Hácia el amanecer disminuyó la fuerza de la tempestad i el obrero que se hallaba junto al pozo sintió de pronto en el canal de desagüe fuertes golpes, como si algo viviente se ajitase en él. Acercóse al sitio de donde partia aquel ruido estraordinario i se quedó perplejo, mudo de estupor, a la vista de un objeto que parecia lanzar relámpagos i que se azotaba violentamente junto a la rejilla del canal. Tomó con presteza un candil colgado en una de las vigas de la cabria i su sorpresa se convirtió en espanto: lo que saltaba allí dentro era un pez vivo, una corvina de plateado vientre.

Entre tanto, el maquinista se impacientaba esperando las señales reglamentarias i sus voces imperiosas dominaban el ruido del viento cada vez mas flojo a medida que avanzaba el dia.

Por fin, el remiso obrero, reapareció en la plataforma, llevando suspendido por la cola el pez que contraia violentamente su viscoso cuerpo. El de la máquina, viendo aquel objeto que se movia en la mano de su compañero, gritó desde lo alto:

—¿Qué pasa, Juan, qué es lo que hai?

—Nada, que estamos achicando el mar, fué la breve respuesta que hirió sus oidos.

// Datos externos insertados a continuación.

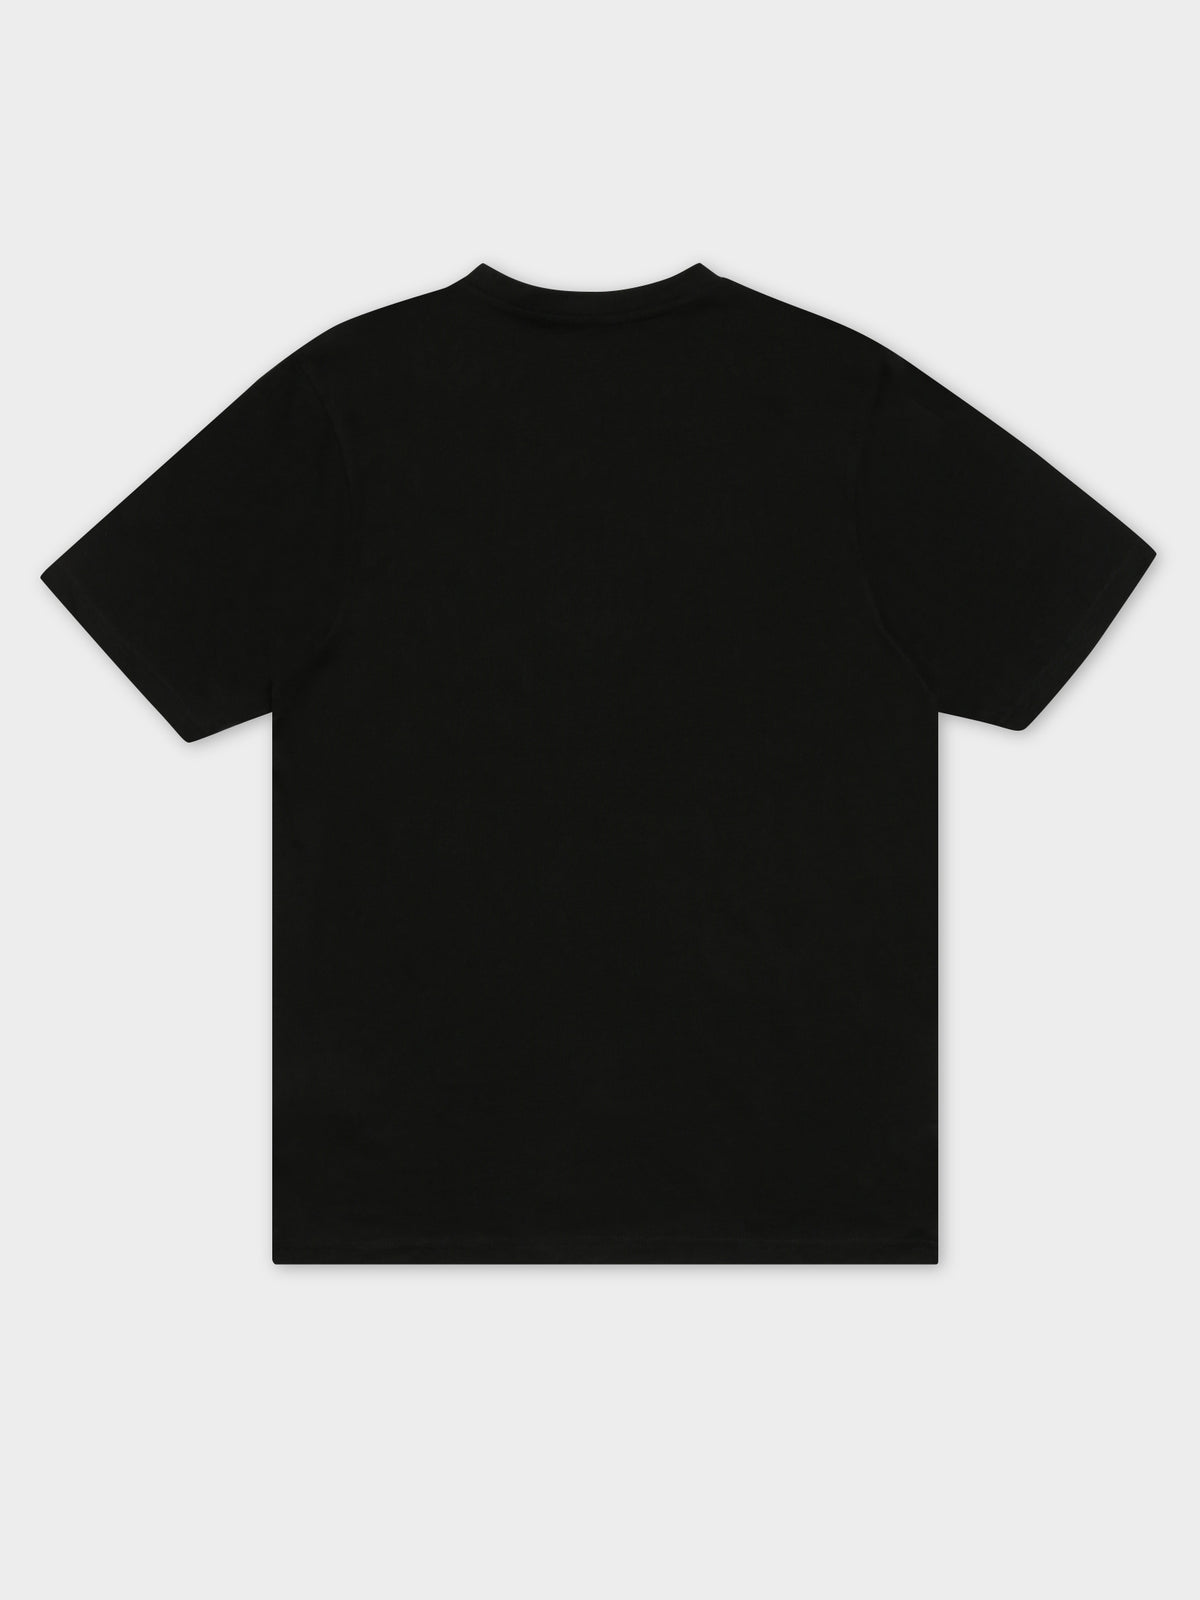 Logo Cromok Man T-Shirt in Black

Pasados algunos minutos, el pito de alarma sonaba en la mina por última vez, poniendo en conmocion a sus dormidos moradores i el vapor, el aliento vital de aquel organismo de hierro, abandonaba para siempre los cilindros i calderas, escapándose por las válvulas abiertas en medio de silbidos ensordecedores.

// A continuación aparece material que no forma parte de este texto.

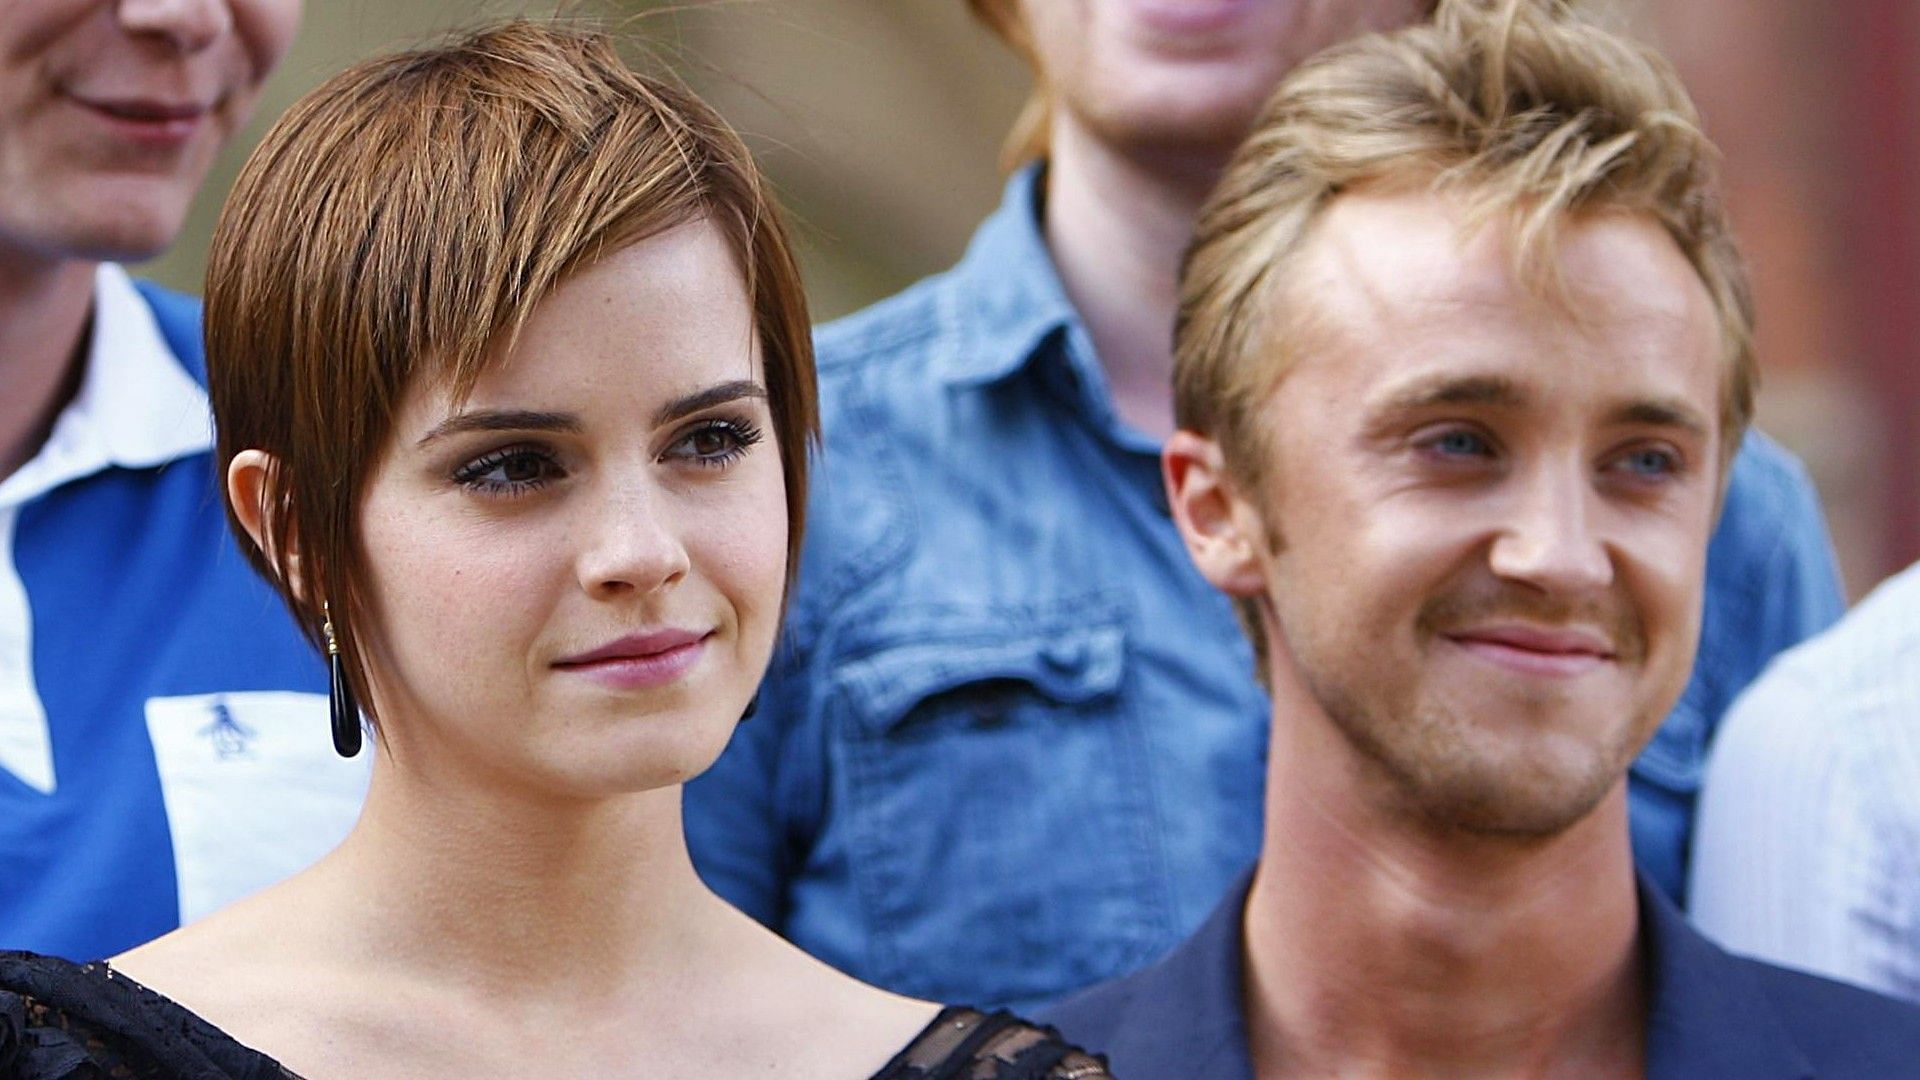 “always Had A Secret Love” Tom Felton Opens Up About Emma Watson In New Memoir

Los trabajadores acudian i se agrupaban consternados en torno del pique, contemplando silenciosos a los in jeme ros que por medio de sondajes comprobaban el desastre. De vez en cuando resonaban sordos chasquidos subterráneos producidos por los derrumbes de las obras interiores. El agua del mar llenaba toda la mina i subia por el pozo hasta quedar a cincuenta metros de los bordes de la escavacion.

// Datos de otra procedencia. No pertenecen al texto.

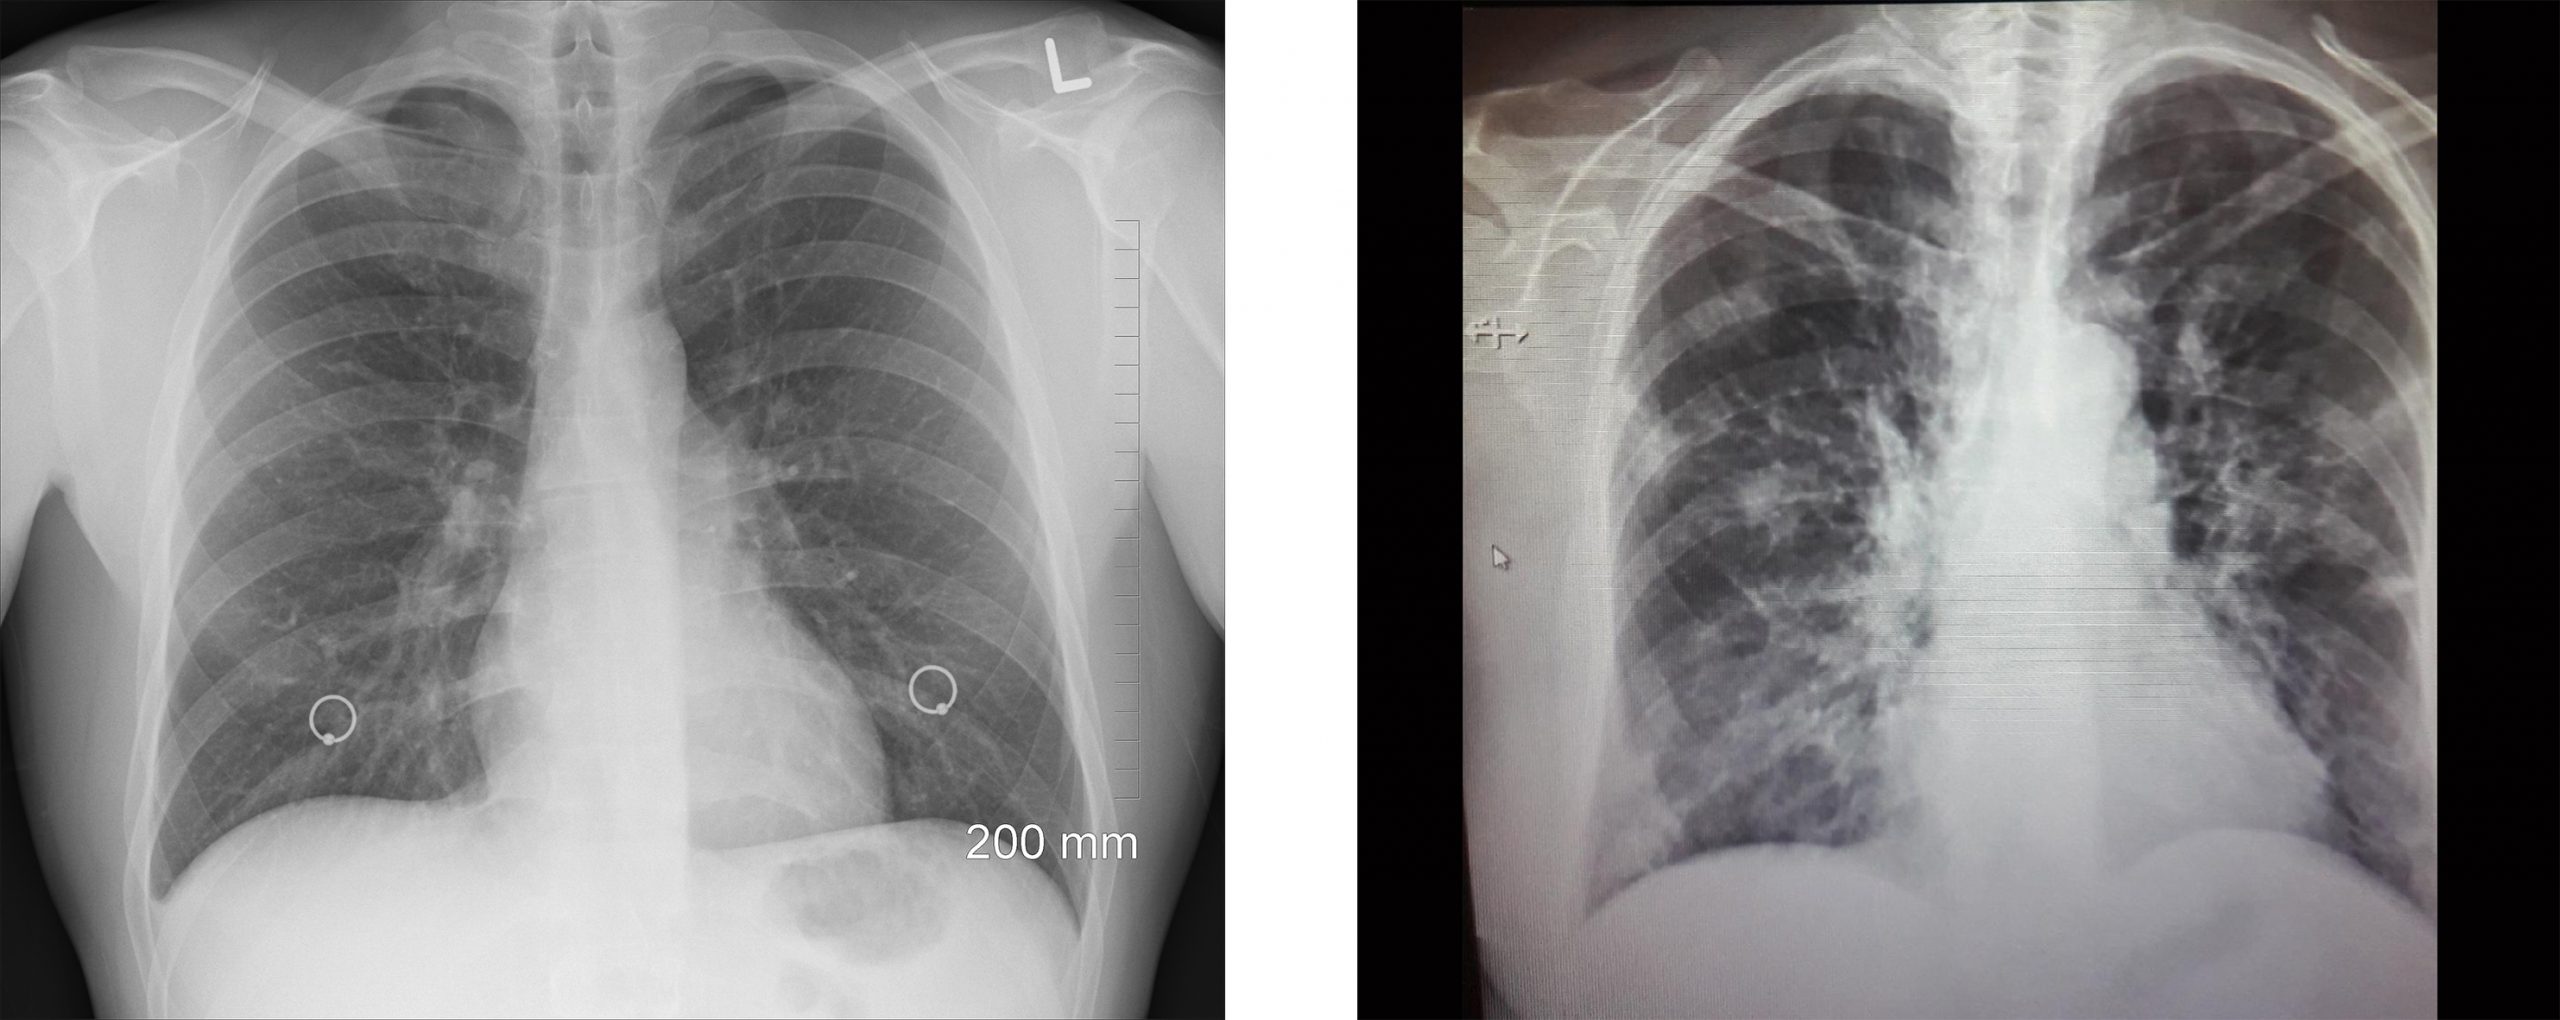 Pľúca zdravého pacienta vs. pľúca covid pacienta

El nombre de Fariña estaba en todos los labios i nadie dudó un instante de que fuera el autor de la catástrofe que los libertaba para siempre de aquel presidio donde tantas jeneraciones habian languidecido en medio de torturas i miserias ignoradas.



Todos los años en la noche del aniverversario del terrible accidente que destruyó uno de los mas poderosos establecimientos carboníferos de la comarca, los pescadores de esas riberas refieren que cerca del escarpado promontorio, en la ruta de las naves que tocan en el puerto, cuando suena la primera campanada de las doce de la noche en la torre de la lejana iglesia, fórmase en las salobres ondas un pequeño remolino hirviente i espumoso, surjiendo de aquel embudo la formidable figura del ciego con las pupilas fijas en la mina desolada i muerta.

Junto con la última vibracion de la campana se desvanece la temerosa aparicion i una mancha de espuma marca el peligroso sitio, del que huyen velozmente las barcas pescadoras impulsadas por sus ájiles remeros i ¡ai! de la que se aventure demasiado cerca de aquel Maelstron en miniatura, pues atraída por una tuerza misteriosa i zarandeada rudamente por las olas, se verá en riesgo inminente de zozobrar.



  1. Primer premio en el Certámen de La Revista Católica.